You can test your function using the following cell:

In [10]:
country_count(latest)

30

**Q3.** Create a function which returns the average number of cases over all listed countries:

- Call the function `average_cases()` which takes one parameter called `data`
- `data` parameter represents a dictionary similar to `latest`
- Use `case_count()` and `country_count()` functions as part of your working to calculate the average number of cases:i.e. 
```python
case_count(data)/country_count(data)
```



In [11]:

def average_cases(data):
    average = case_count(data)/country_count(data)
    return average


You can test your function using the following cell:

In [12]:
average_cases(latest)

2510.233333333333

**Q4.** Create a function which returns the number of countries where `Total Cases` equals `1`:

- Call the function `single_case_country_count()` which takes one parameter called `data`
- `data` parameter represents a dictionary similar to `latest`
- `data['Total Cases']` statement can be used to examine 'Total Cases' info


- Consider using a `for` loop to iterate through values in `Total Cases`
- Use an `if condition` within the `for` loop to check for `Total Cases` equivalent to one: `== 1`
- Also make sure to create a counter to track the number of countries matching the above criteria: `count = 0` 



In [13]:

def single_case_country_count(data):
    count = 0
    
    for cases_count in data['Total Cases']:
        if cases_count == 1:
            count += 1
            
    return count



You can test your function using the following cell:

In [14]:
single_case_country_count(latest)

7

**Q5.** Create a function which returns a list of Country names where the number of cases is equal to one:

Hint: you can use the `zip()` function in Python to iterate over two lists at the same time.



In [15]:


def single_case_countries(data):
    countries = []
    for country, cases in zip(data["Country"], data["Total Cases"]):
        if cases == 1:
            countries.append(country)
    return countries




You can test your function using the following cell:

In [16]:
single_case_countries(latest)

['Nepal', 'Belgium', 'Sri Lanka', 'Finland', 'Egypt', 'Cambodia', 'Sweden']

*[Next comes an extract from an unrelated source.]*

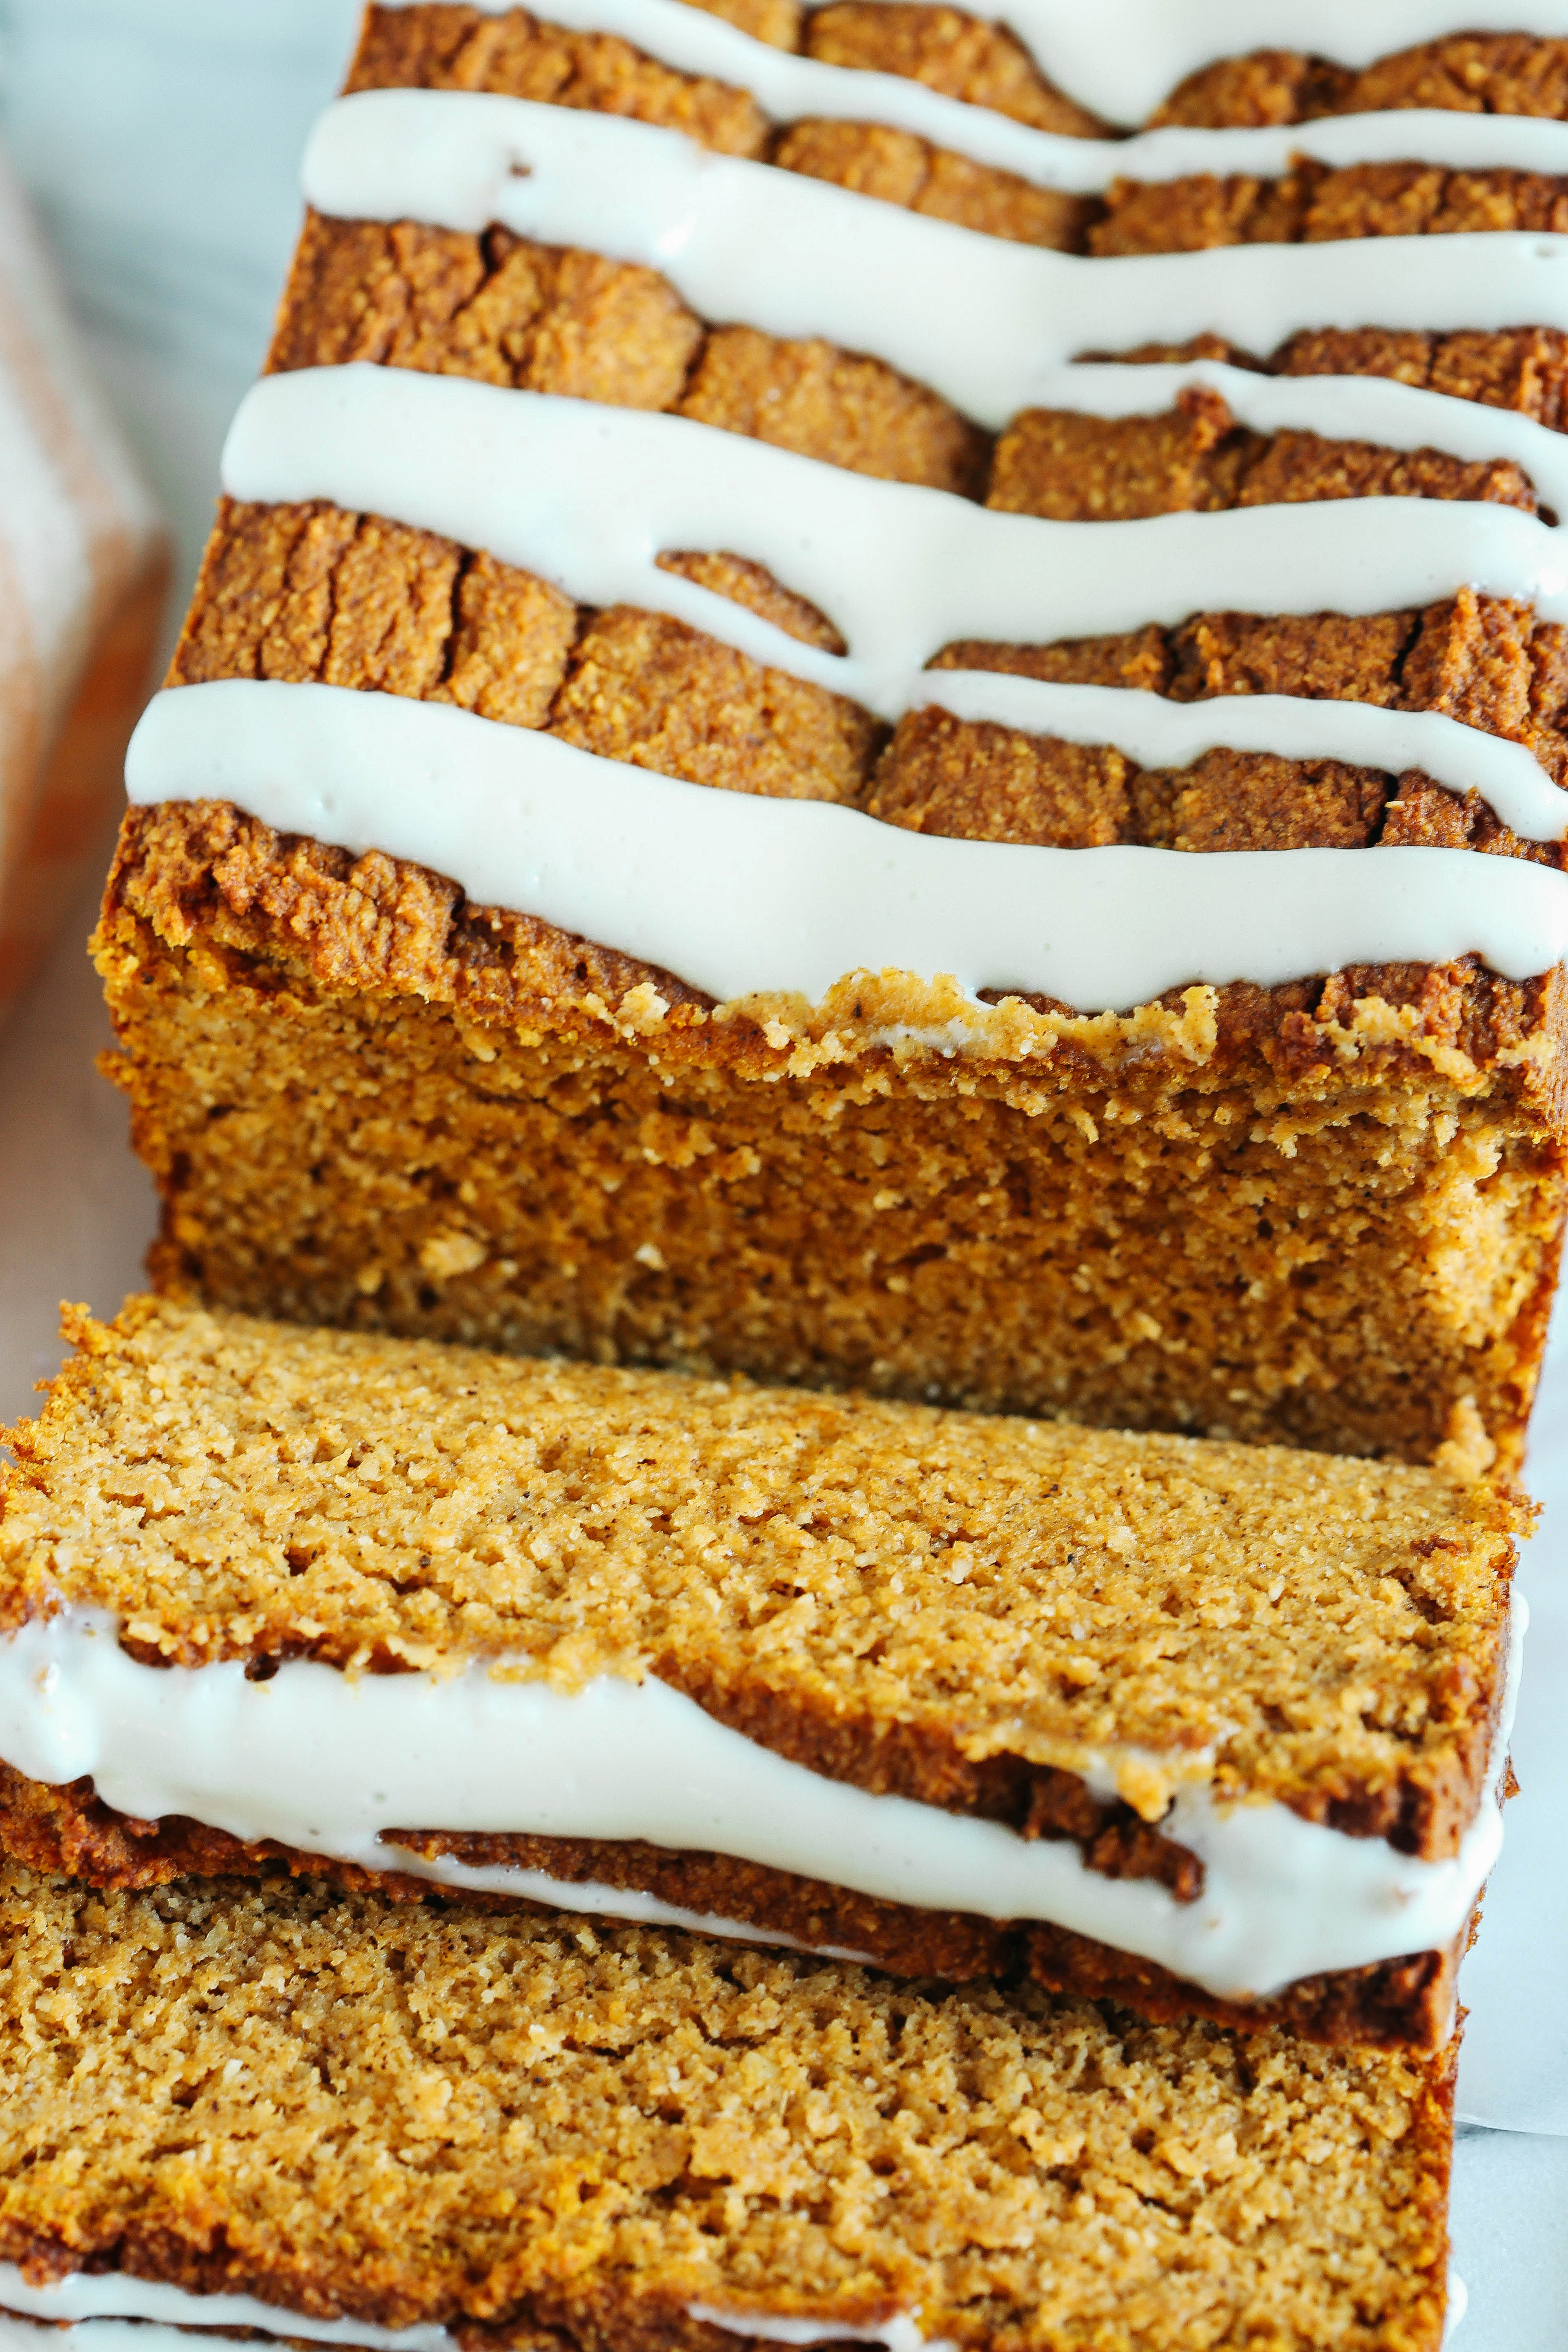 The BEST Almond Flour Pumpkin Bread recipe that is a must to make this fall!  Super moist, easy to make and drizzled with a delicious cream cheese glaze!

**Q6.** Create a function which returns a list of countries in which there are still active cases, i.e. where `Total Cases` minus `Total Deaths` exceeds `Recovered`. You may find the `enumerate()` Python function helpful.




In [17]:


def active_countries(data):
    countries = []
    for i, country in enumerate(data['Country']):
        if data['Total Cases'][i] - data['Total Deaths'][i] > data['Recovered'][i]:
            countries.append(country)
    return countries




You can test your function using the following cell:

In [18]:
active_countries(latest)

['China',
 'Diamond Princess',
 'Singapore',
 'Japan',
 'Hong Kong',
 'S. Korea',
 'Thailand',
 'USA',
 'Taiwan',
 'Malaysia',
 'Vietnam',
 'Germany',
 'Australia',
 'France',
 'Macao',
 'U.K.',
 'U.A.E.',
 'Canada',
 'Italy',
 'Egypt',
 'Sweden']

**Q7.** Create a function which returns a list of countries where there are no longer any active cases: i.e. where `Total Cases` minus `Total Deaths` equals `Recovered`. You may find the `enumerate()` Python function helpful.

Look at the above question for inspiration, follow a similar logic while creating your solution.

In [19]:

def cleared_countries(data):
    countries = []
    for i, country in enumerate(data['Country']):
        if data['Total Cases'][i] - data['Total Deaths'][i] == data['Recovered'][i]:
            countries.append(country)
    return countries



You can test your function using the following cell:

In [20]:
cleared_countries(latest)

['Philippines',
 'India',
 'Russia',
 'Spain',
 'Nepal',
 'Belgium',
 'Sri Lanka',
 'Finland',
 'Cambodia']

This Project looked at analysing the coronavirus dataset and practising Python functions by answering certain questions based on the dataset. Overall I feel for this project, I was able to answer all the questions correctly and undertaking this project allowed me to become comfortable at writing Python functions. In creating these different python functions for this particular dataset allowed me to learn some information about the dataset I was analysing from the answers that were drawn from the functions. I will continue to build upon my knowledge of Python functions in future projects I undertake.